Sí. Ellos eran dos hermanos gemelos, exactos, que a primera vista nadie podía diferenciar. Antes, cuando estuvieron los dos viviendo sus vidas separadas no eran sino dos hermanos gemelos, simples y apartados como dos hombres diferentes. Espiritualmente no había ningún factor común entre ellos. Pero ahora, cuando la rigidez, la terrible realidad que se le trepaba por la espalda como un animal invertebrado: algo se había disuelto en su atmósfera integral, algo que se pronunciaba como un vacío, como si a su costado se hubiera abierto un precipicio, o como si, bruscamente, le hubiera sido cercenada de un hachazo la mitad de su cuerpo; no de ese cuerpo exacto, anatómico, sometido a una perfecta definición geométrica; no de ese cuerpo físico que ahora sentía miedo, sino de otro cuerpo que venía más allá del suyo, que había estado con él hundido en la noche líquida del vientre materno y se remontaba con él por las ramas de una genealogía antigua; que estuvo con él en la sangre de sus cuatro pares de bisabuelos y vino desde el atrás, desde el principio del mundo, sosteniendo con su peso, con su misteriosa presencia, todo el equilibrio universal. Podía ser que él estuviera con la sangre de Isaac y Rebeca, que fuera su otro hermano el que nació trabado en su calcañal y que vino dando tumbos de generación en generación, noche a noche, de beso en beso, de amor en amor, descendiendo por arterias y testículos hasta llegar, como en un viaje nocturno, a la matriz de su madre reciente. El misterioso itinerario ancestral se le presentaba ahora doloroso y verdadero, ahora que había sido roto el equilibrio y la ecuación resuelta definitivamente. Sabía que algo faltaba a su armonía personal, a su integridad formal y cotidiana: ¡Jacob se había libertado irremediablemente de sus tobillos!

Durante los días en que su hermano estuvo enfermo no tuvo esta sensación porque el rostro demacrado, transfigurado por la fiebre y el dolor, con la barba crecida, se había diferenciado altamente del suyo.

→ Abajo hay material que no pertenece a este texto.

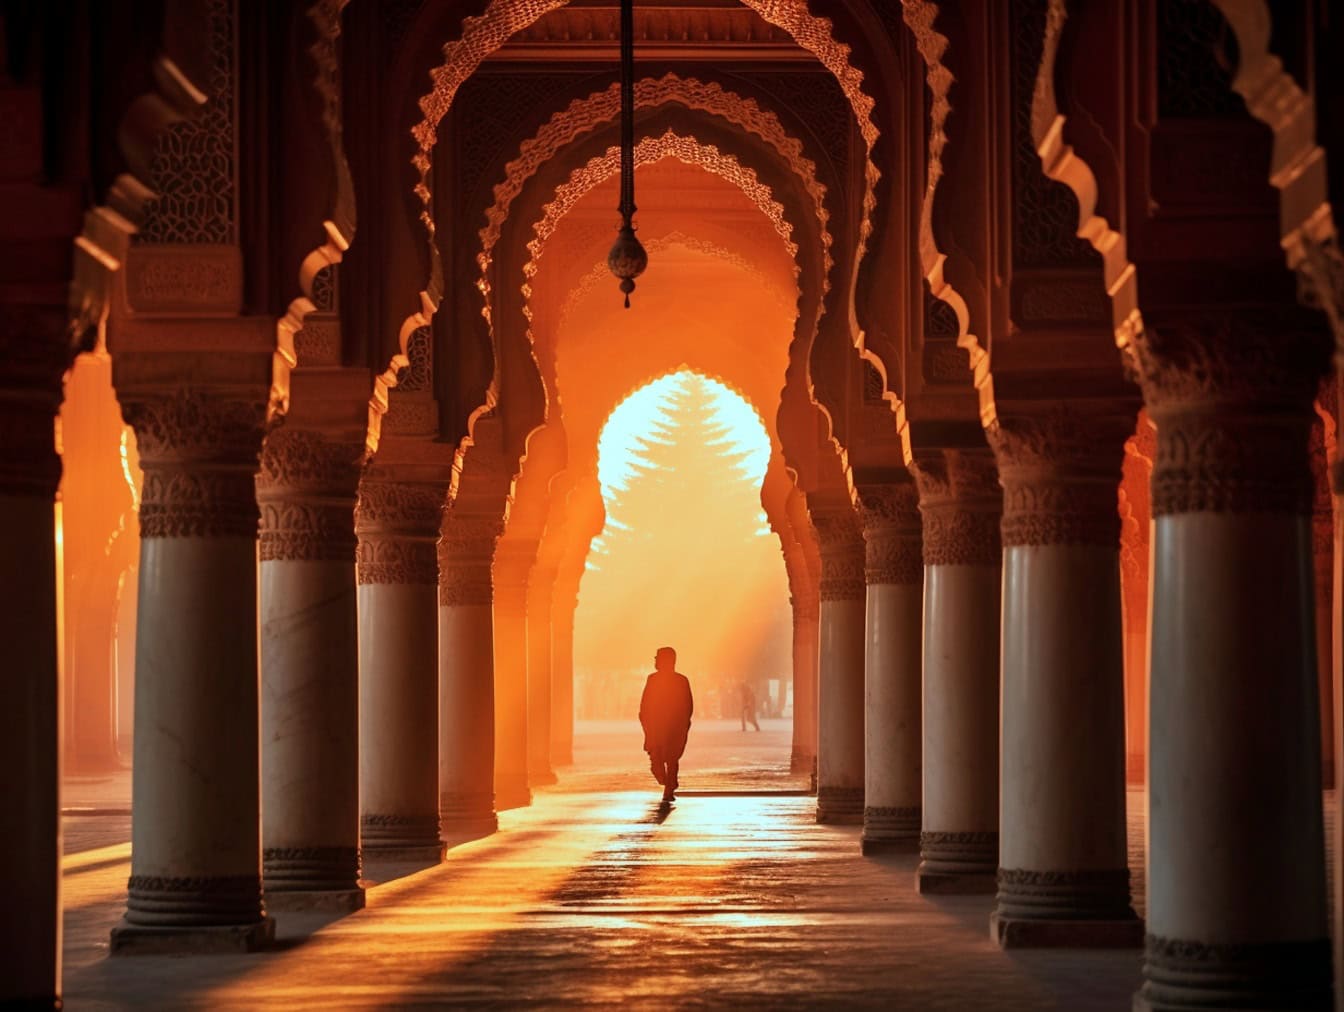 Apus de soare cu silueta unui bărbat care se plimbă prin arcul ornamentat al unei frumoase moschei islamice cu arhitectură tradițională arabă

Pero una vez que estuvo inmóvil, tendido sobre su muerte total se llamó a un barbero para que «arreglara» el cadáver. Él estuvo presente, pegado contra el muro, cuando llegó el hombre vestido de blanco y armado con el limpio instrumental de su profesión… Con la precisión de un maestro cubrió de espuma la barba del muerto (la boca espumosa. Así lo vi antes de morir) y, lentamente, como quien va revelando un secreto tremendo, empezó a rasurarlo. Fue entonces cuando lo asaltó «esa» idea horrible. A medida que, al paso de la navaja, iba surgiendo el rostro pálido y terroso del hermano gemelo, él iba sintiendo que aquel cadáver no era una cosa extraña a él, sino que estaba fabricado de su misma sustancia terrena, que era su propia repetición… Sentía la extraña sensación de que sus parientes habían extraído del espejo la imagen suya, la que él veía reflejada en el cristal cuando se afeitaba. Ahora que esa imagen respondía a cada uno de sus movimientos había tomado independencia. Él la había visto afeitarse otras veces, todas las mañanas. Pero asistía a la dramática experiencia de que otro hombre estuviera quitándole la barba a la imagen de su espejo, prescindiendo de su propia presencia física. Tuvo la certeza, la seguridad de que si en aquel momento se hubiera acercado a un cristal lo habría encontrado en blanco aunque la física no tuviera una explicación exacta para aquel fenómeno. ¡Era la conciencia del desdoblamiento! ¡Su doble era un cadáver! Desesperado, tratando de reaccionar, palpó el muro firme que le subió por el tacto como una corriente de seguridad. El barbero terminó su labor y con la punta de las tijeras cerró los párpados del cadáver. La noche le quedó temblando adentro, en la irrevocable soledad del cuerpo desgajado. Así eran exactos. Dos hermanos idénticos, inquietamente repetidos.